Difference between treatment groups appeared constant over time (p>0.05) for all outcomes except SPADI, overall pain (intention to treat analysis only), and hand behind back (table 2). Although there also seemed to be a tendency for difference between treatment groups to decrease over time for active total shoulder flexion and abduction, these were not statistically significant. The results of the pooled difference between groups across all times for those measures where the linear trend test failed to achieve statistical significance are shown in the last column of table 2. This confirms an overall benefit of distension over placebo over 12 weeks as measured by PET, overall pain (analysis excluding withdrawals), and total shoulder abduction.
Table 3 presents the raw data at each time for the four participants who withdrew from the trial after the 3 week assessment. Three of the withdrawals received distension subsequent to the 3 week assessment, and all four participants had improved substantially according to all assessed measures by the 6 week assessment; this was largely sustained at 12 weeks.
No serious adverse effects were reported by participants in either group, but more participants in the active group had pain at the time of the procedure or lasting up to 48 hours than in the placebo group (table 4).
There was no significant difference in the number of analgesics taken each day between the active and placebo group at any time during the study, although there was a trend for subjects in the placebo group to consume more analgesia at 3 weeks compared with baseline (mean (SD) number of analgesics a day at baseline and 3 weeks in the active group and placebo groups was 0.75 (1.75) and 0.64 (1.5), and 1.11 (2.02) and 1.47 (3.47), respectively; difference in mean change at 3 weeks −0.45 (95% CI −1.31 to 1.41)).
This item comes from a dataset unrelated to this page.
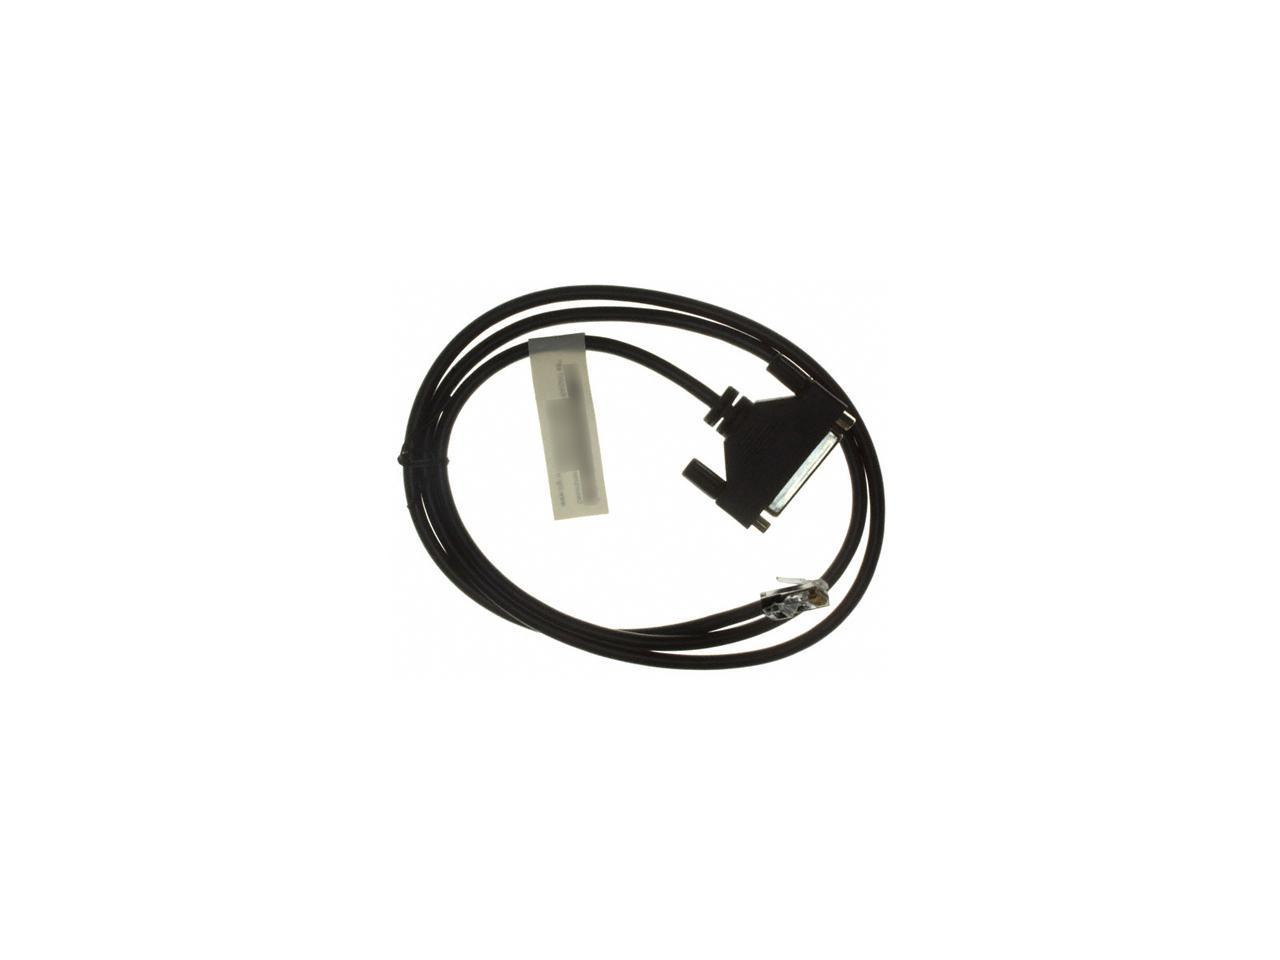 RJ45 to DB9 Cable Digi 76000240

We have shown that arthrographic distension with normal saline and corticosteroid in patients with painful stiff shoulder of at least 3 months is better than placebo in improving function, pain, and range of movement at 3 weeks. Furthermore, this benefit appeared to be maintained at 6 weeks, although the sustained gain over placebo at 12 weeks was only observed for function when measured by a patient preference questionnaire.
Four participants withdrew from the placebo group after the week 3 assessment and three subsequently underwent distension. We performed and presented the 6 and 12 week analysis with these participants both included (intention to treat analysis), and excluded from the analysis. We have also provided their raw data (table 3). The condition of these patients clearly improved after distension therapy, but we cannot attribute this improvement directly to the distension. The intention to treat analysis attributes this improvement to the placebo group, and hence probably underestimates the true effect of distension. We regard the intention to treat analysis as being conservative, in that treatment group crossovers only occurred in one direction (that is, placebo to distension for four participants after the 3 week assessment), and these patients responded very quickly thereafter. The intention to treat analysis at 6 and 12 weeks, therefore, represents distension versus placebo and distension dilution. The analysis excluding these four participants corresponds broadly to substitution of the mean placebo responses at each time point for these four participants, with a corresponding penalty of four degrees of freedom in the calculation of standard deviations and t statistics. More formal methods with various assumptions of mechanisms of missing data are possible but are not presented here.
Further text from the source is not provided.